ASSIGNMENT: Using the data beneath this instruction, retype only the lines from the one that contains "Scandinavian Modern Executive" down to the one that contains "Téléphone de bureau", both included, exactly as they appear.

Records drawn from a dataset:
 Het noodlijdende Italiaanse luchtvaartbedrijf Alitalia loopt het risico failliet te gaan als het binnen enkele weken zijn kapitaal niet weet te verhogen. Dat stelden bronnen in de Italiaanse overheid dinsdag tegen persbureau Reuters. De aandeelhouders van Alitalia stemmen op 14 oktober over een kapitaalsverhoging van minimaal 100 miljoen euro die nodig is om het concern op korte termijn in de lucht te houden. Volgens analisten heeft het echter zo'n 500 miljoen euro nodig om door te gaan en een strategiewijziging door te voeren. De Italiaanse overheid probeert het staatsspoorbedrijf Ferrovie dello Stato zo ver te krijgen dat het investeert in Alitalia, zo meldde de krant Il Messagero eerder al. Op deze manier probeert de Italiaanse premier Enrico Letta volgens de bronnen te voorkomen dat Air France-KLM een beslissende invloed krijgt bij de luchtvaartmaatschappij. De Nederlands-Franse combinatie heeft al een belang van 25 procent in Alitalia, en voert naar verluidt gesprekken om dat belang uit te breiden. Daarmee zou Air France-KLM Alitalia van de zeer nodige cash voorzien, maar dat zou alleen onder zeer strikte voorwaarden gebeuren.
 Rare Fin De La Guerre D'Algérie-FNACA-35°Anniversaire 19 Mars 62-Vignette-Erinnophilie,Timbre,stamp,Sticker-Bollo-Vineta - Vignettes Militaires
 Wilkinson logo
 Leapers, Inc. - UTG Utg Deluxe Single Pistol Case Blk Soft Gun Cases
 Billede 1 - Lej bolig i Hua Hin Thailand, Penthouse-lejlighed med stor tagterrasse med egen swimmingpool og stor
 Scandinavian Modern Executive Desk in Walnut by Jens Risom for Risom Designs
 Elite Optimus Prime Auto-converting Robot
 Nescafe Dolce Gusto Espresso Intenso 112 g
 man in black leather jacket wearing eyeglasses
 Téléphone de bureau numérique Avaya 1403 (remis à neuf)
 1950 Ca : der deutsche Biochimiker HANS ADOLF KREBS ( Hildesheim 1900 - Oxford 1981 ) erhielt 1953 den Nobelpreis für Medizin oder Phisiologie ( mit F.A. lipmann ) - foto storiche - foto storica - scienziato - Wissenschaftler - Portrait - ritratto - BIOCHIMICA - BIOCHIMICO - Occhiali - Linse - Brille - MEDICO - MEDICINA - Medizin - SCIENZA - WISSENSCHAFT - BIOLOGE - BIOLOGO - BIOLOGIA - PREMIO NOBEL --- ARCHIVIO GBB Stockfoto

RESULT:
 Scandinavian Modern Executive Desk in Walnut by Jens Risom for Risom Designs
 Elite Optimus Prime Auto-converting Robot
 Nescafe Dolce Gusto Espresso Intenso 112 g
 man in black leather jacket wearing eyeglasses
 Téléphone de bureau numérique Avaya 1403 (remis à neuf)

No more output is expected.